His dignity had been affronted. He had been called a scoundrel and struck across the face by cigars. An offence punishable by death on Jupiter, he further explained. There was nothing for it but for him and Mr Bell to leave the confines of the ship and settle this matter man to man as proper gentlemen should.
The colonel had shrugged at this and given up and gone to bed, carrying Darwin on his shoulder.
The colonel was up at the cracking of the dawn, hoping to dissuade Mr Bell.
It might well have been assumed by those who observed Mr Bell’s decline into alcoholic oblivion the previous evening that he would be in no fit state even to rise from his bed upon this Earthly dawn, let alone conduct himself with sufficient sensibility to engage in a deadly duel.
But Cameron was whistling while he washed. He hummed a little whilst he shaved and sang whilst he went to the toilet.
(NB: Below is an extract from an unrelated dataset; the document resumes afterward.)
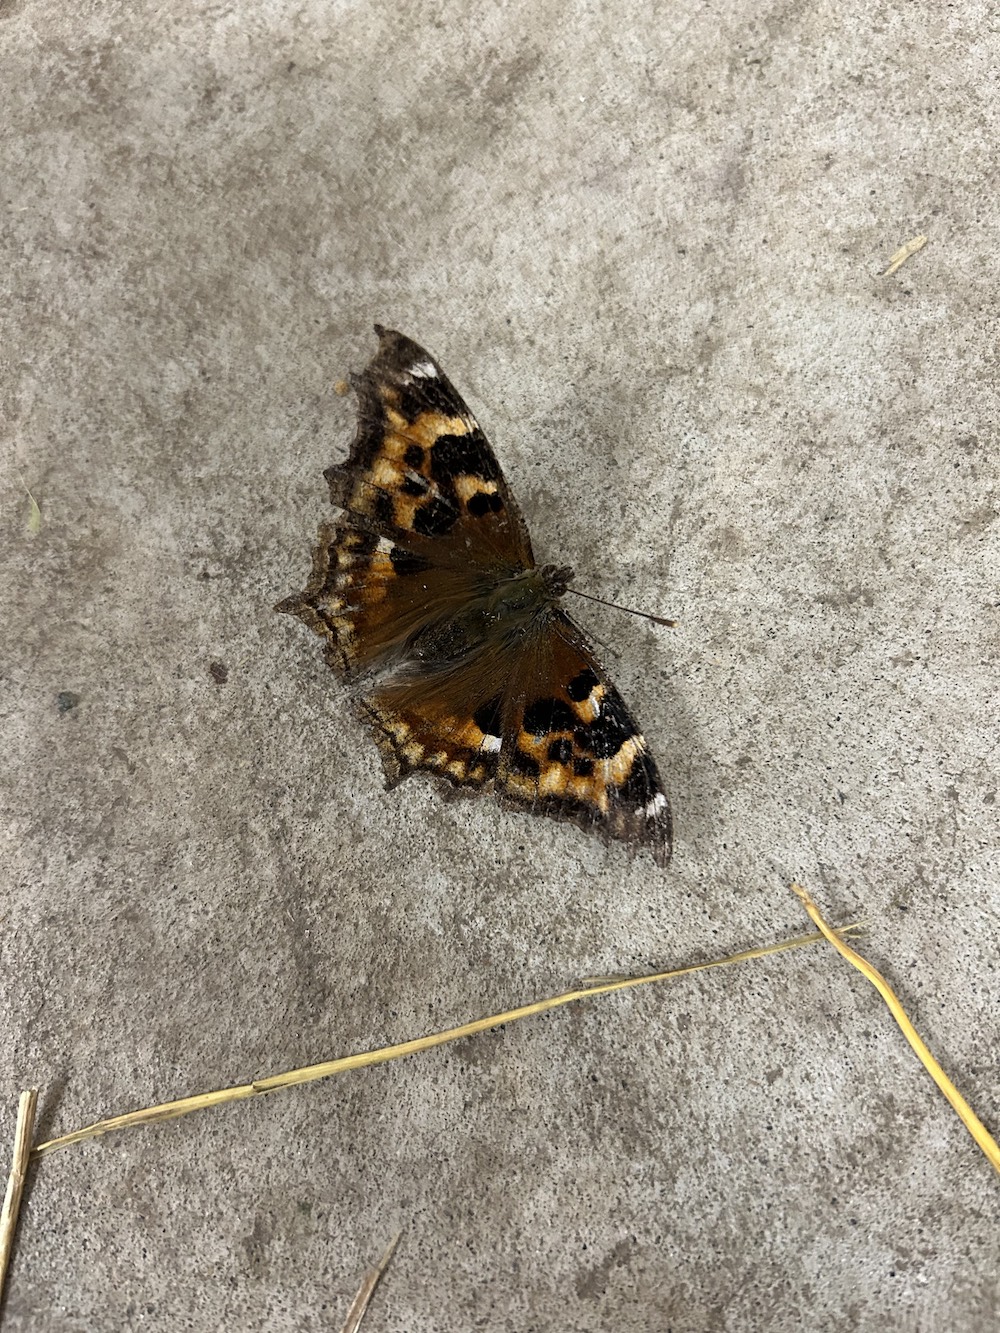 A butterfly with mottled dark brown, yellow, orange and white wings rests on a concrete floor.

After he had dressed and laced up his shoes, he did a tiny tap dance, too.
It was not the way of Cameron Bell to suffer ‘the morning after the night before’. He was quite immune to that kind of thing. His doctor had told him time and again that he drank too much, but Mr Bell dismissed these words, although he knew them to be true.
He would not, of course, be letting on to Corporal Mingus Larkspur as to quite how chipper he felt. Although his acting skills stretched to little more than the impersonation of tugboats, the private detective felt confident that he could create the impression of a man with a blinding headache without the need to be coached by Sir Henry Irving.
But,
thought Mr Bell. Had it been a rash move upon his part, challenging the corporal to a duel? No, he considered, it had
not.
Certain details of the corporal’s person, observed by Cameron Bell, had informed the private detective that Mingus Larkspur was neither brave, nor a crack shot. Cunning, yes. But brave, or a crack shot, no. And Cameron’s intuition had told him that Corporal Larkspur surely planned his murder. As after all he had overheard Larkspur’s conversation on the transmitting device on Venus, that Cameron would be killed and Alice returned to London for a blood sacrifice. Better then a fairish fight than to keep looking over his shoulder.
Alice Lovell knew nothing of this. She had tired of men-talk relatively early and gone off to bed in a huff. Now she slept on soundly and dreamed of tall dark men.